Fig. 6 shows the entity structure schematic diagram of one embodiment of the server of the present invention.

Embodiment

The exemplary embodiment of the disclosure is more fully described below with reference to accompanying drawings.Although the disclosure is shown in accompanying drawing Exemplary embodiment, it being understood, however, that may be realized in various forms the disclosure without should be by embodiments set forth here Limited.On the contrary, these embodiments are provided to facilitate a more thoroughly understanding of the present invention, and can be by the scope of the present disclosure Completely it is communicated to those skilled in the art.

The embodiments of the invention provide a kind of recognition methods of refuse messages, server side is preferably applied to, can also be answered For client-side, the entire content of the short message of reception can be identified comprehensively using neural network recognization model, effectively Improve the accuracy rate of refuse messages identification.

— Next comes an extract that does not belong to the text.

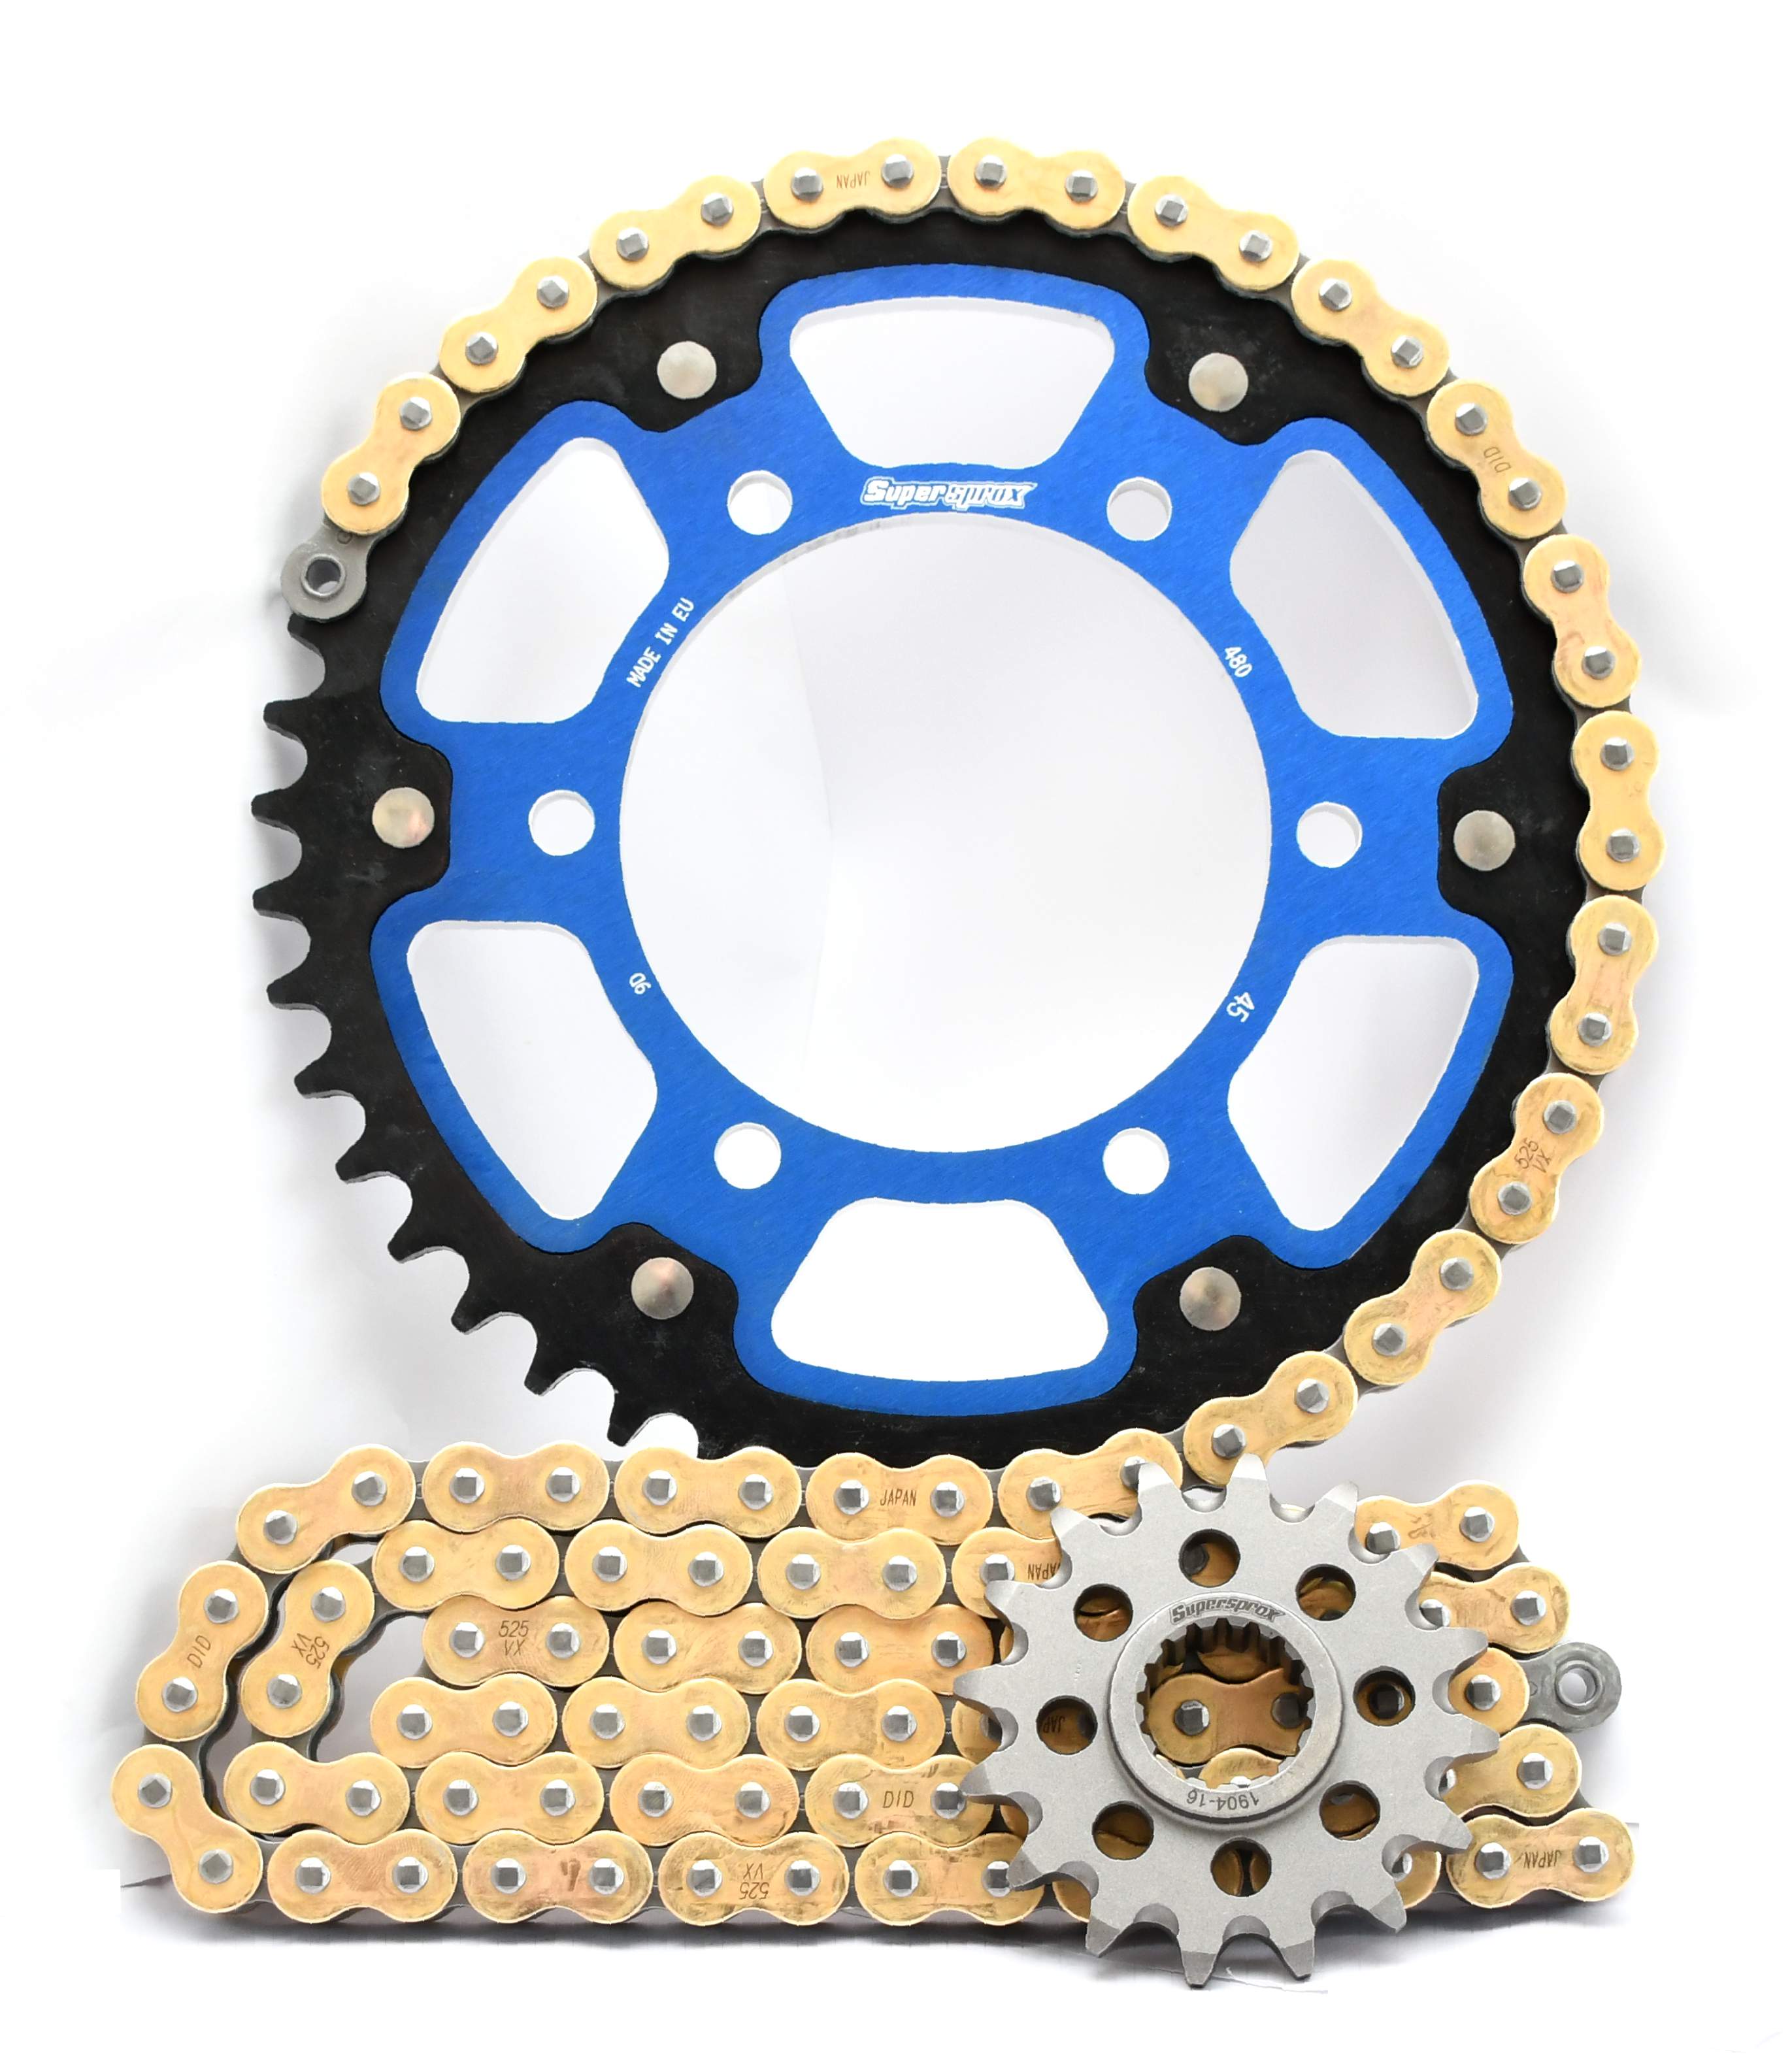 Supersprox Chain & Sprocket Kit for Yamaha MT-10 - Choose Your Gearing - 0

As shown in figure 1, the recognition methods of the refuse messages of the present embodiment, step include：

Step 101, when receiving the instruction of the identification to short message to be detected, word segmentation processing is carried out to short message to be detected.

Wherein, the identification instruction of short message to be detected can be received the short message to be detected triggering of client transmission by server Input the instruction；The practical business demand that can also be identified by user according to refuse messages is actively entered the instruction；Can also be pre- Neural network recognization model is first stored in terminal local, receive unknown short message when the client in terminal, it is necessary to Triggering inputs the instruction when carrying out refuse messages identification to the unknown short message.Word segmentation processing can utilize condition random field (Condition Random Field, CRF) algorithm carries out word segmentation processing；Or segmented using Max Match word segmentation arithmetic Processing；Or carry out word segmentation processing using minimum segmentation algorithm.

In the above-mentioned technical solutions, when receiving the instruction of the identification to short message to be detected, first short message to be detected is carried out Signature (being, for example, that each short message to be detected matches corresponding identification code or identifier), then carries out word segmentation processing again, will The participle obtained after word segmentation processing is carried out correspondingly with corresponding signature.Obtained after being handled for the later stage according to participle Result, can determine short message to be detected corresponding to the result, avoid at the same time to multiple short messages to be detected at During reason, there is the situation that can not differentiate result.

Step 102, participle word segmentation processing obtained is mapped to term vector.

In the above-mentioned technical solutions, because neural network model directly can not carry out Treatment Analysis to participle, it is therefore desirable to Participle is subjected to mapping processing, is mapped to corresponding term vector.The term vector can be a specific numerical value or one Individual vector matrix.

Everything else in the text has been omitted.